L’axe, à mes yeux, est la valeur intrinsèque de la liberté d’expression pour l’esprit humain : « toutes les opinions, y compris les erreurs, connues, lues et recensées, sont d’un grand service pour atteindre rapidement la plus haute vérité » (p. 87).
Sa conscience des erreurs bibliques est parfois confondante et les conclusions qu’il en tire étonnantes.  Ainsi à ceux qui argumentaient en redoutant la contagion de l’erreur, il va jusqu’à répondre que « dans ce cas, il faut bannir du monde tout savoir humain et toute controverse religieuse, y compris la Bible elle-même ; car celle-ci rapporte parfois crûment le blasphème … s’agissant d’autres grandes querelles, elle répond de façon douteuse et obscure … » (p. 90). 
Et coup de pied de l’âne final : « Pour les mêmes raisons, nous savons que la Bible elle-même a été inscrite au premier rang des livres interdits par les papistes » (p. 91).

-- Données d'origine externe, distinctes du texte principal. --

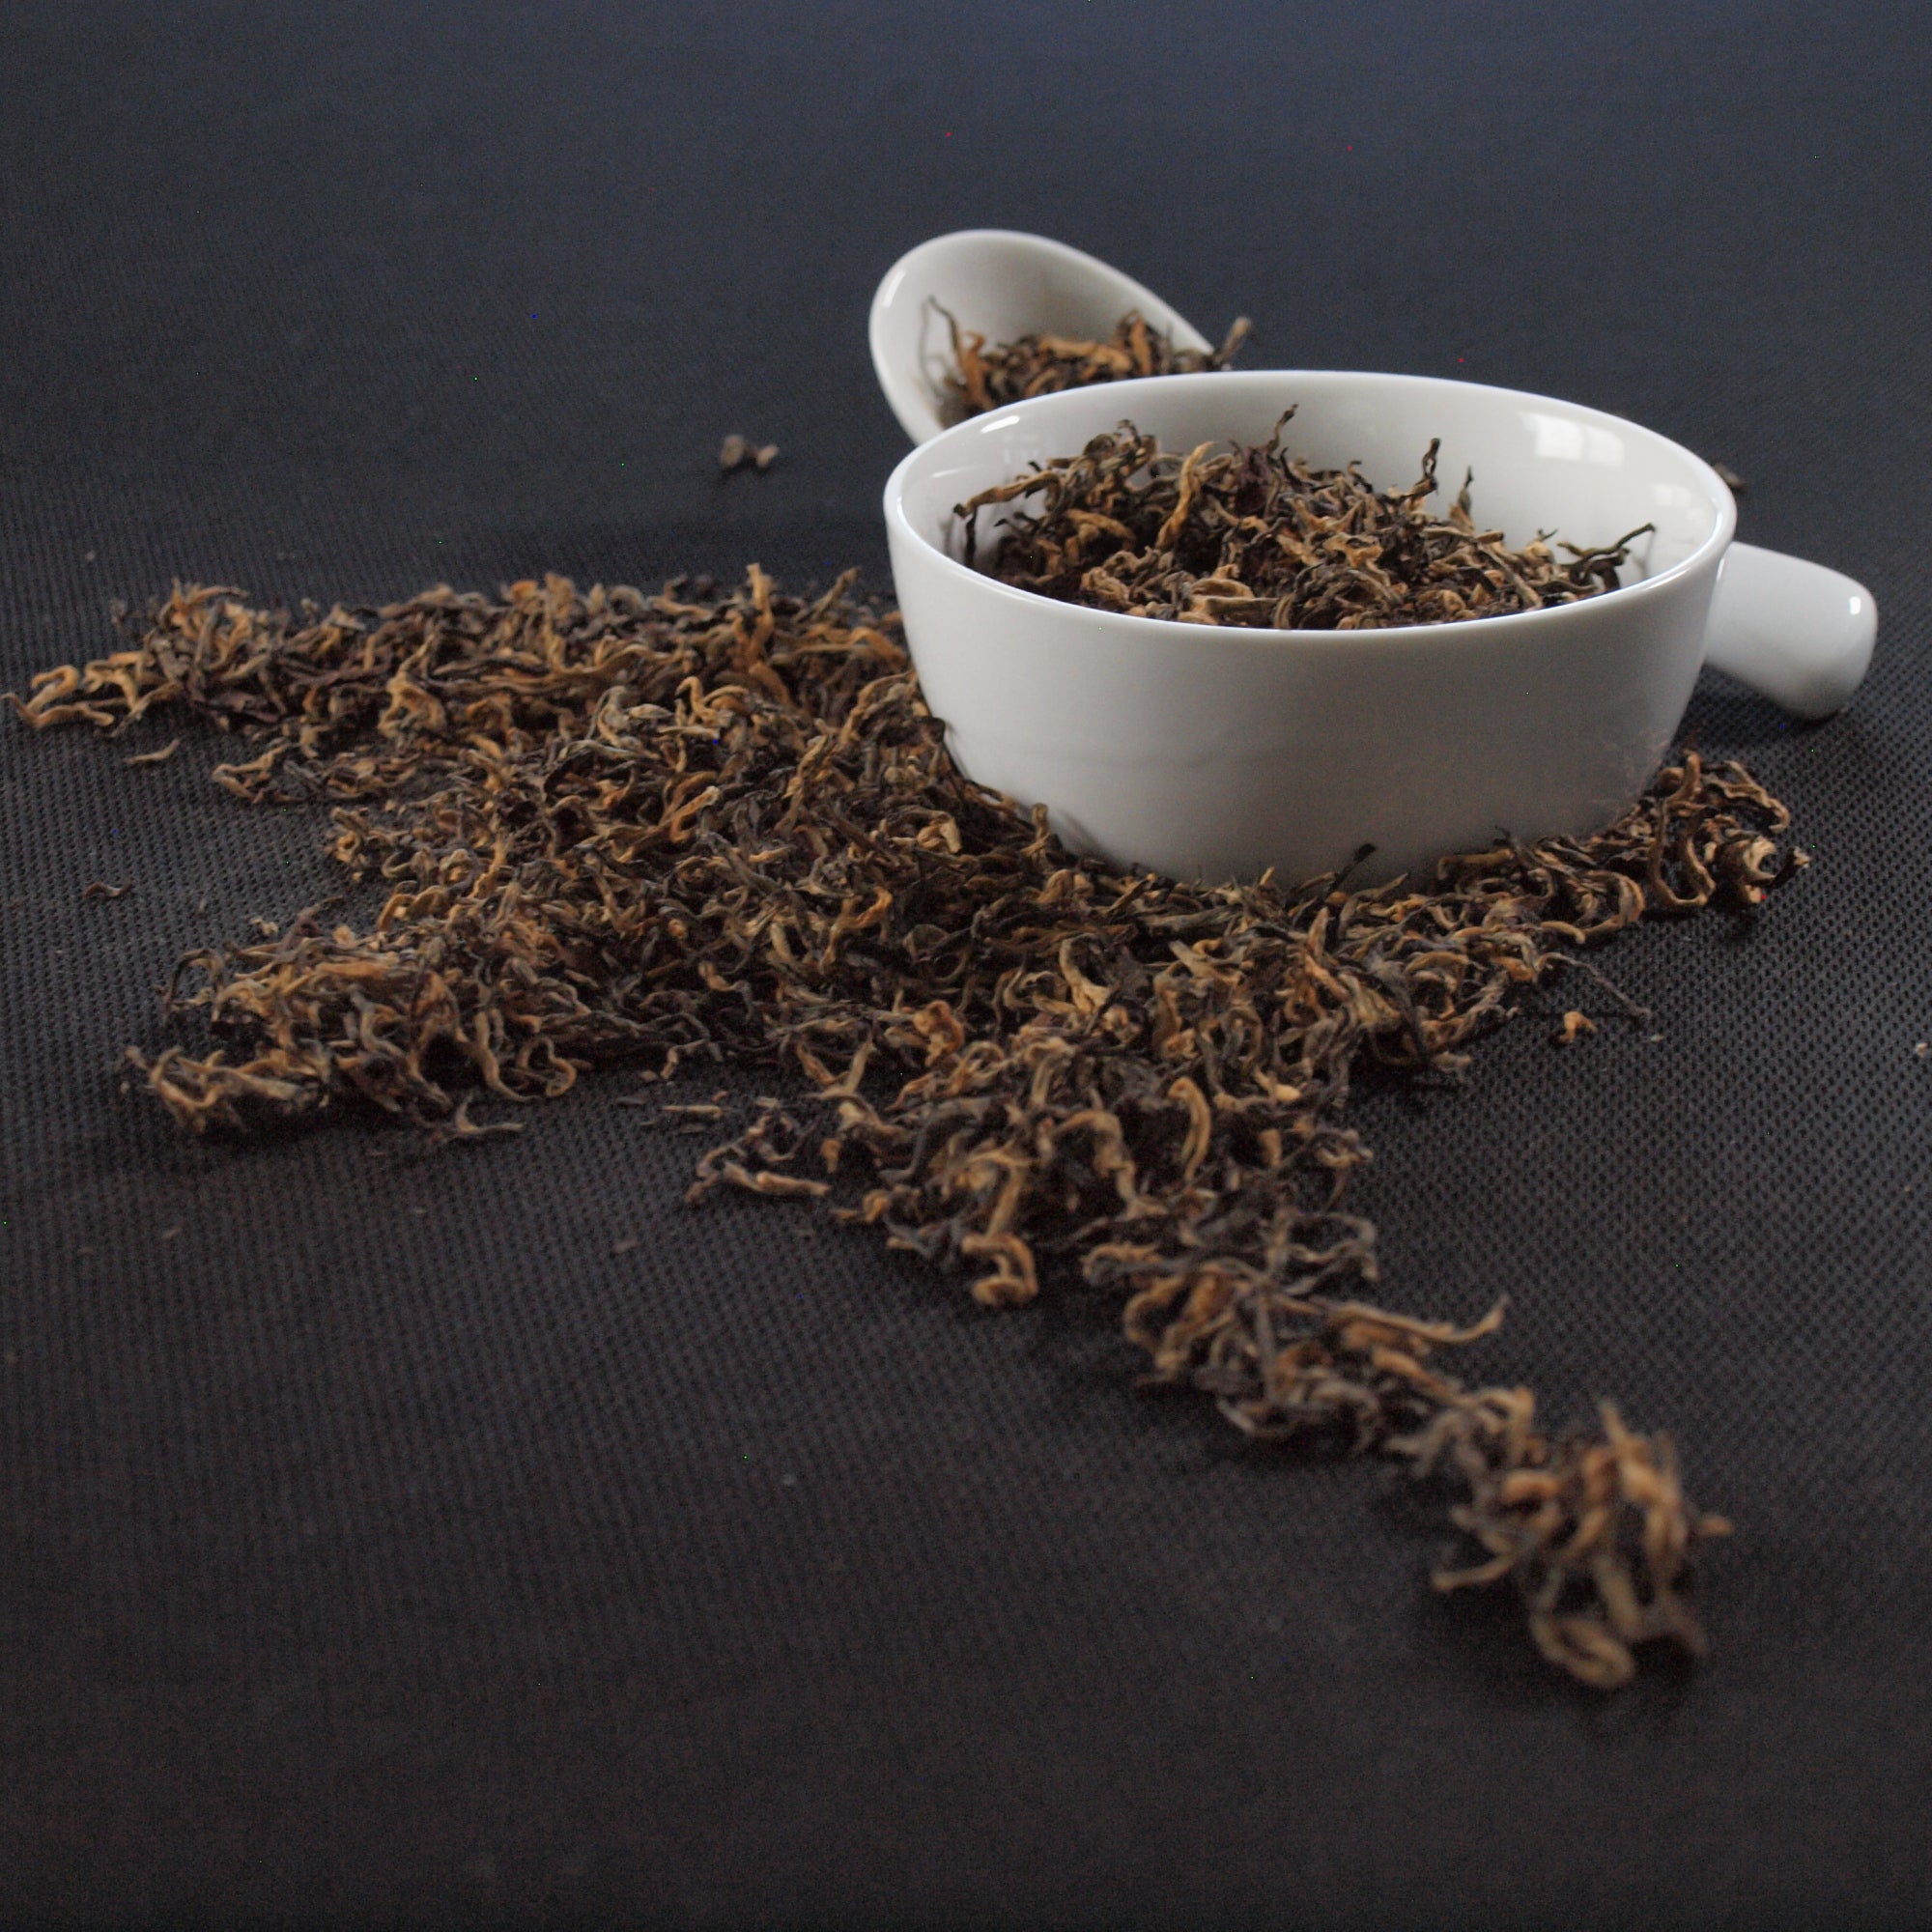 specialty tea, loose leaf tea, black tea, with dish

La seule chose qui importe pour Milton, c’est la recherche de la Vérité : « notre foi et notre savoir profitent de l’exercice.  L’Ecriture compare la Vérité à une fontaine jaillissante ; si ses eaux ne s’épanchent pas en une perpétuelle progression, elles stagnent dans une mare boueuse de conformisme et de tradition » (p. 117).  Et plus belle apologie de l’esprit de recherche indépendante, le libre examen, disons le mot : « Si l’on croit une chose pour la seule raison que le pasteur l’affirme ou que l’assemblée le décide, sans rien savoir d’autre, quoiqu’on puisse croire vraiment, la vérité même qu’on professe devient une hérésie » (ibidem).  Difficile de mettre plus haut la liberté de conscience.

Plus loin encore : « La force de la Vérité … n’a besoin ni de ruses, ni de stratagèmes ni de censures pour remporter la victoire, ce sont là manœuvres et les défenses que l’erreur utilise contre elle » (p. 136).
Mais ne prenons pas non plus Milton pour un exalté quelque peu naïf.  Sa tolérance a ses limites : « Je ne parle pas de tolérer le papisme et la superstition manifeste » (p. 138).

Liberté  et raison


Une fois passée notre jubilation, il faut bien faire un constat essentiel.
Milton ne sépare pas la liberté de la raison.
Ses motivations sont évidemment théologiques ; le calviniste peu orthodoxe ne suit pas le dogme de la prédestination : « Dieu donne la liberté de choisir, car la raison n’est que choix » (p. 99).

Pour le fondateur qu’est Milton, la liberté d’expression même quand elle est erreur, a un référent, la Raison.  Voilà sur quoi on devrait méditer aujourd’hui, à une époque où l’on paraît croire que le vote populaire, le plus irrationnel soit-il, clôt le débat.  Il n’y a pas là liberté mais esclavage.  La démocratie implique un consensus sur le débat rationnel.
Ce qui corrompt celui-ci mine celle-là.

La seule chose qui me chagrine dans la nouvelle publication est son mode de distribution : vous ne trouverez pas le livre en librairie, c’est un monopole du Soir en Belgique.  Je l’avais d’abord commandé à la boutique du Monde qui a accepté ma commande puis s’est ravisée, sans doute parce qu’il fallait protéger la série du Soir, qui était programmée.
Piètre démonstration du sens de la liberté d’expression, même si je peux comprendre les nécessités économiques.